In another instance, a hacker group supported by the Chinese government placed harmful malware into this chat software, basically replicating the historic SolarWinds attack which affected several U.S. government agencies and many private companies.
A copy of the MiMi app containing malicious code was offered to users as a result of attackers gaining the power of the server that supplied the app. In short, this attack on the software supply chain compromised the software delivery pipeline.
3. HTTPS-TLS1.3-ESNI is Blocked By China
By means of the latest firewall version, Chinese authorities will exclusively target HTTPS traffic that uses modern technologies such as TLS 1.3 or encrypted server name indication (ESNI).
Other HTTPS traffic that utilizes previous models of the same protocols, such as TLS 1.1 or 1.2, or SNI, is still permitted to get across the Great Firewall (Server Name Indication).
For HTTPS connections established using these older technologies, Chinese censors can deduce the domain to which a user is attempting to connect. This is accomplished by examining the (plaintext) SNI parameter during the initial phases of an HTTPS connection.
4. Software Supply Chain Attack
If these computer supply chain hacks emanated solely from criminal gangs, international leaders may sleep more soundly. This is an example of a proxy attack, in which the party desiring and funding the attack isn’t actually the one performing it. This can help to offer an alibi or deniability in case of an investigation.
The fact that a hacking organization funded by the Chinese government is attacking software supply chains, however, indicates that world leaders must view this trend as part of realpolitik and not as mere criminality.
This tendency affects the seamless passage of past digital trade and threatens to raise the cost of acquiring software, as purchasers investigate purchases from “untrustworthy” providers.
The global software distribution network does not need to be kept captive by attackers. There are ways to safeguard the confidentiality of the computer supply chain, but they’re not extensively used at the moment, exposing a security gap for attackers.
Whenever a software distribution network assault happens nowadays, especially when other good software programs are hijacked and transformed into malware vectors, it is safe to say that no one is protected from such threats.
However, the software does not have to be this way. Digital signatures and other safeguards can help secure the authenticity of the computer supply chain. Security best practices and plenty of user awareness can and does massively decrease the risk of attack from a variety of vectors.
In China, the majority of company IT departments need to gain the resources and expertise necessary to gather important information and make it meaningful for decision-making and workers. There is a scarcity of data scientists, analysts, and scientists in the sector.

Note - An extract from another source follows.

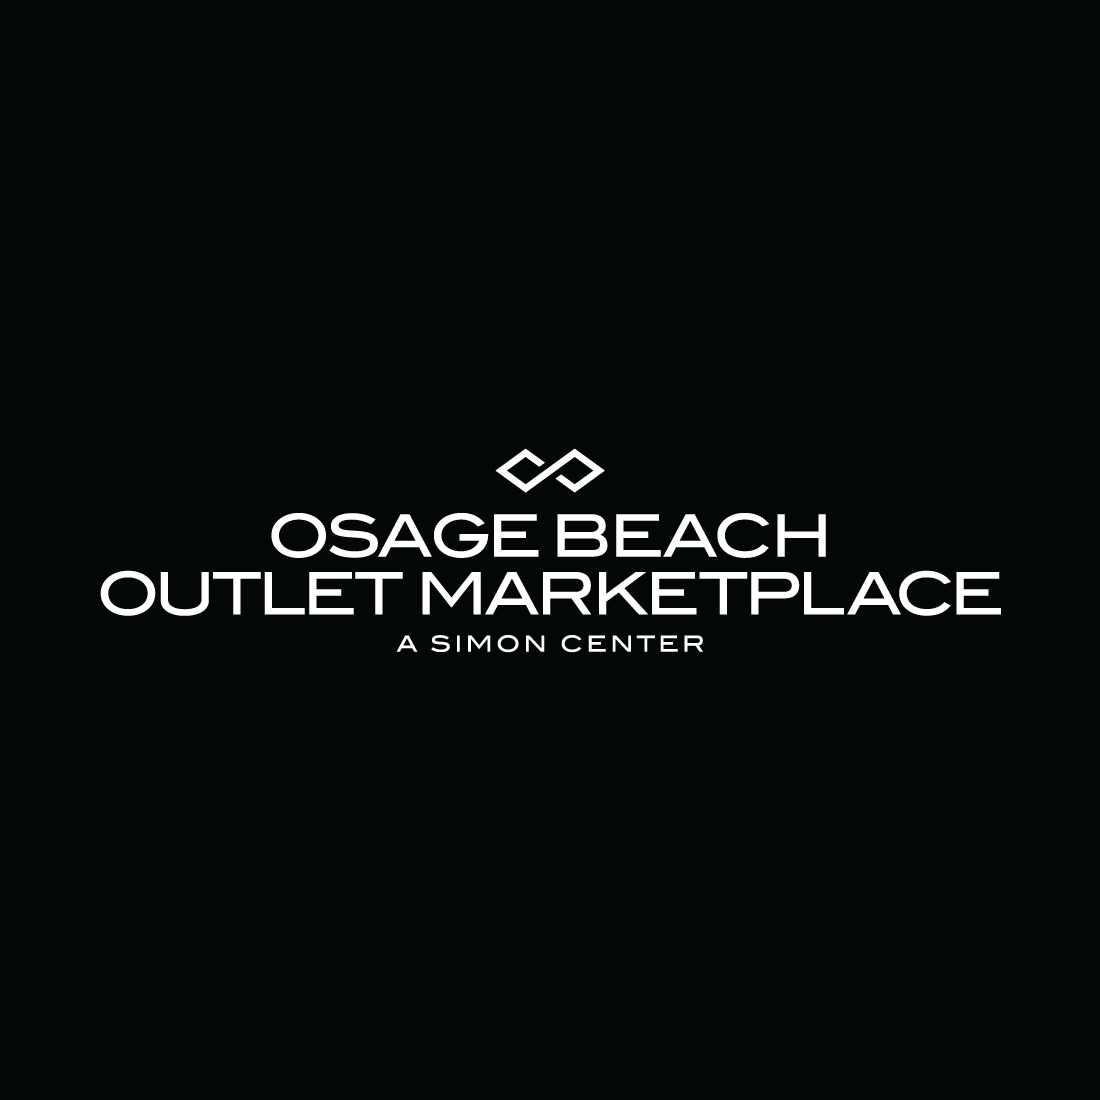 Osage Beach Outlet Marketplace, Osage Beach Missouri (MO) - www.neverfullbag.com

Therefore, it can be conclusively said that the Chinese Government and businesses must collaborate to address privacy and security concerns and make Chinese software more secure by ensuring compliance with international security and safety standards.
In addition, it is wise to research any software a company or an individual wishes to purchase or download. Understanding where the product is created and company is headquartered can be a huge factor in the safety of your data, identity, and devices.